Project Background and Positioning
Presearch said it was founded in 2017 with a mission to build a user-focused decentralized search engine that respects privacy, enables choice, and rewards community participation. The company describes the project as crowd-funded and community-driven, and said governance is being implemented through the Presearch Foundation. It also noted that the project is expected to become fully open source as it evolves.
That framing places Presearch within a familiar category of crypto-native internet infrastructure projects: platforms that attempt to replace centralized digital services with tokenized, community-operated alternatives. In this case, the target is search, one of the most concentrated and strategically important segments of the internet economy.
The company’s messaging also emphasizes censorship resistance and independence, drawing a comparison in spirit to Bitcoin’s resilience and anti-fragility. While the analogy is more ideological than technical, it reflects Presearch’s effort to appeal to users who are skeptical of centralized control over online information access.
Getting Started and Market Context
According to the release, users can begin by creating a free account on Presearch, selecting preferred search providers, customizing settings, and then earning PRE through search activity. Those looking to increase rewards can participate in search staking by locking at least 1,000 PRE.
Still, it is important to note that the announcement was issued as a press release and presents the platform from the project’s own perspective. As with many crypto-related infrastructure claims, metrics such as adoption depth, sustained usage, long-term economics, and competitive viability require independent validation over time.

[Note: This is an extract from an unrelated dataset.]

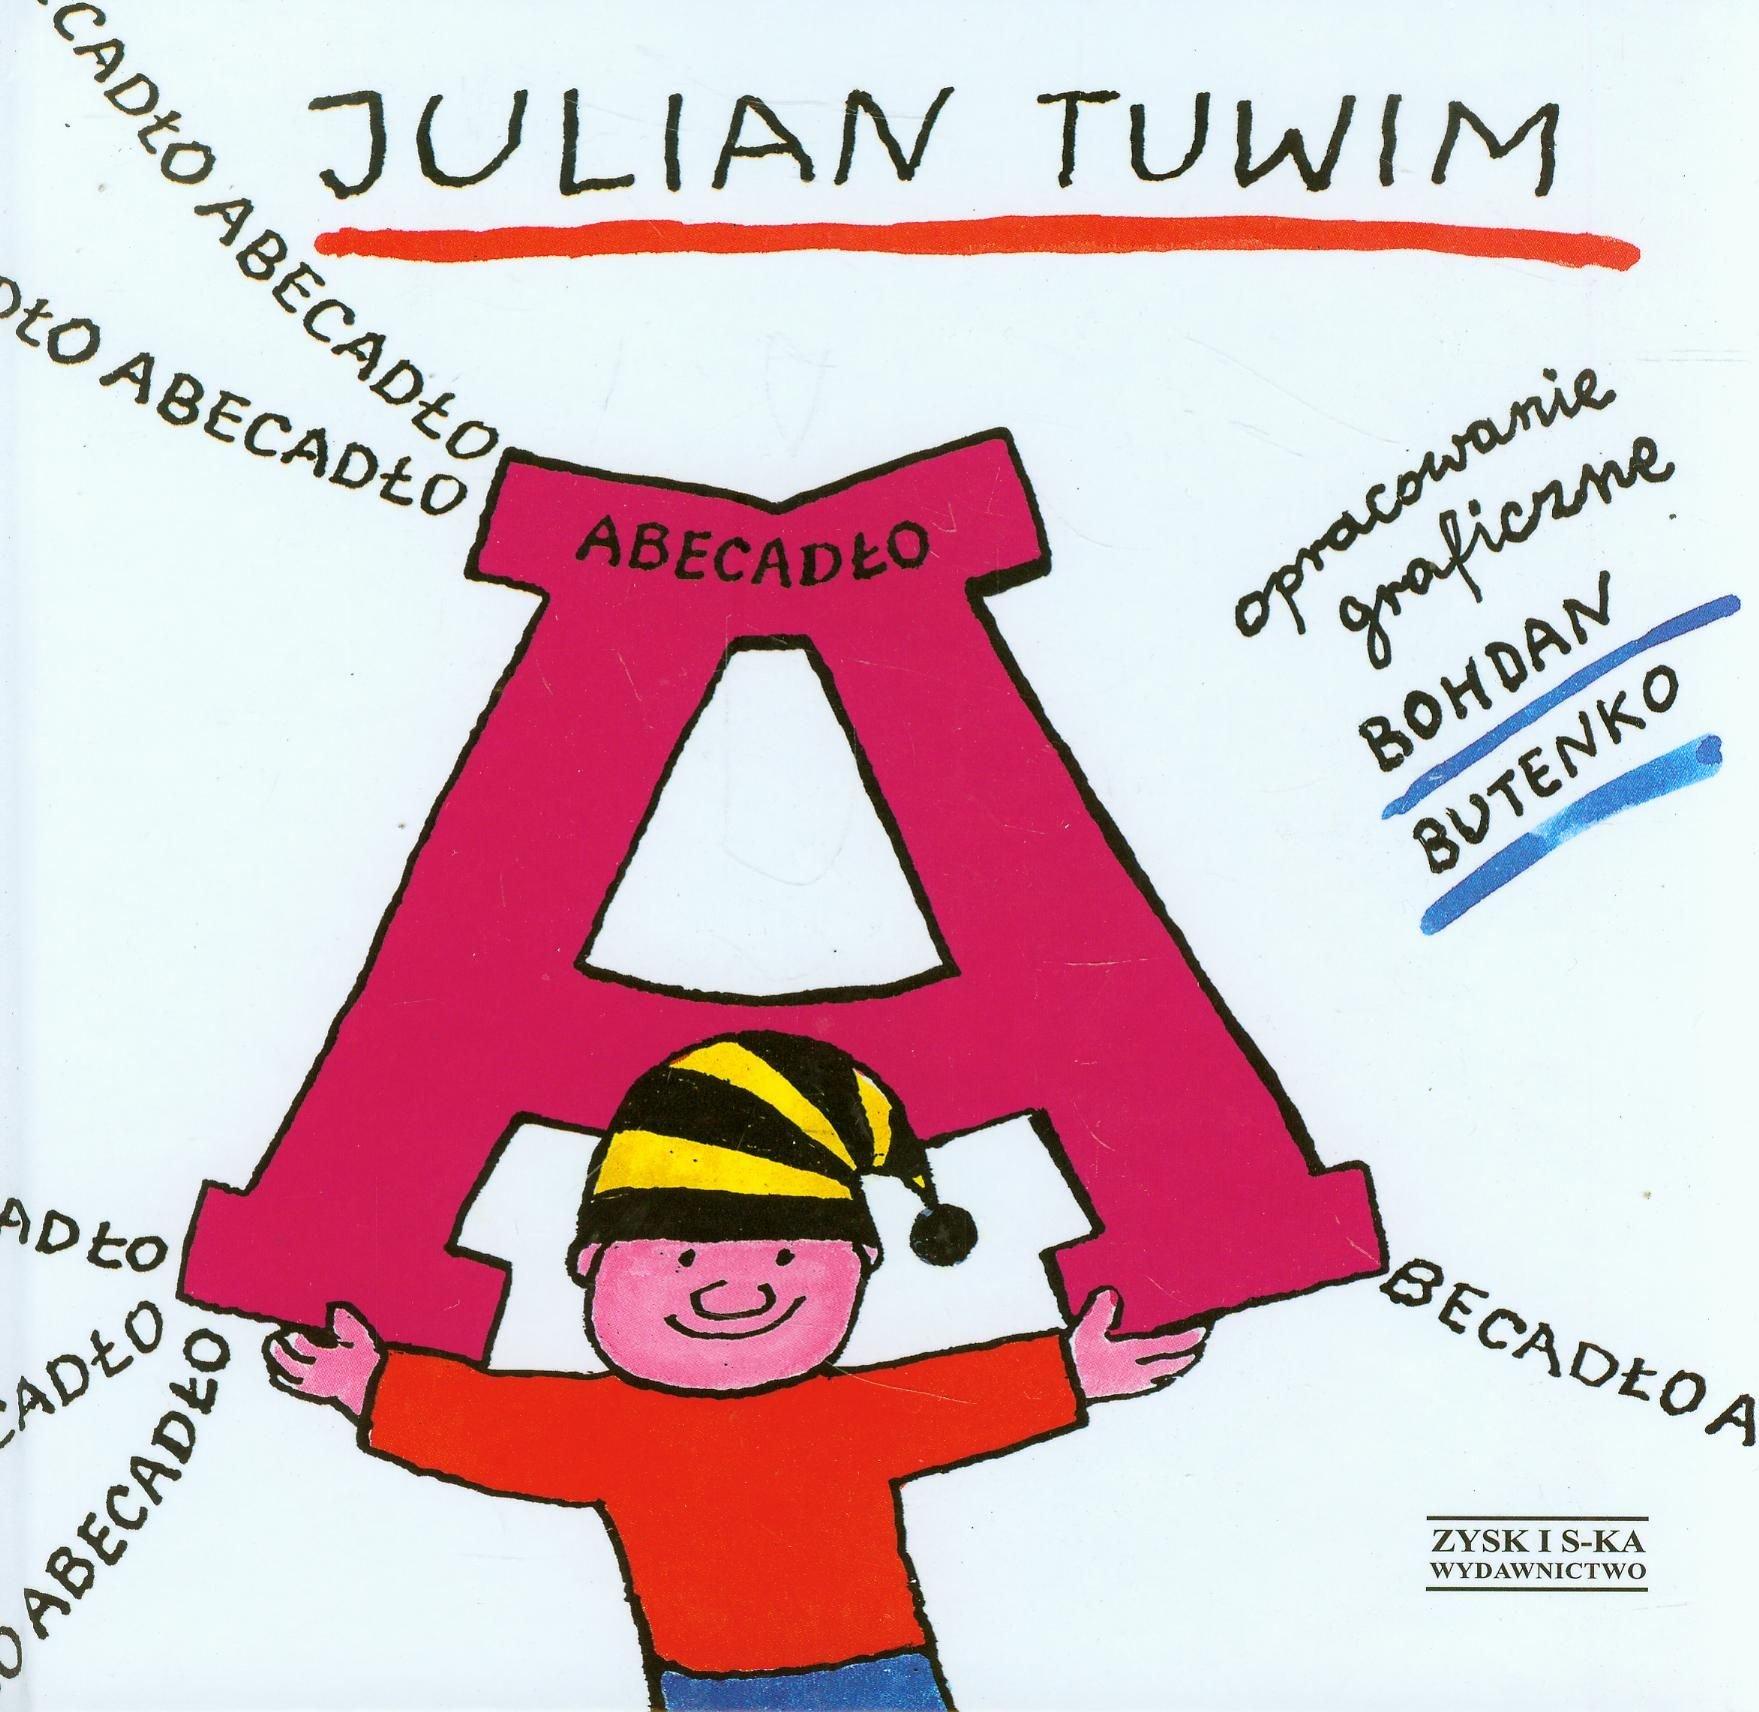 Abecadlo Amazones Julian Tuwim Libros En Idiomas Extranjeros

Even so, the release provides a clear view into how Presearch wants to differentiate itself in a market long dominated by centralized incumbents. By combining privacy claims, multi-provider search choice, decentralized nodes, token incentives, and AI-related development, the company is presenting itself as a Web3-native alternative in online search.
Whether that model can translate into durable user growth remains an open question. But the project’s latest description makes one thing clear: Presearch is not trying to compete on search alone. It is trying to redefine search as a decentralized, token-coordinated, privacy-oriented network service.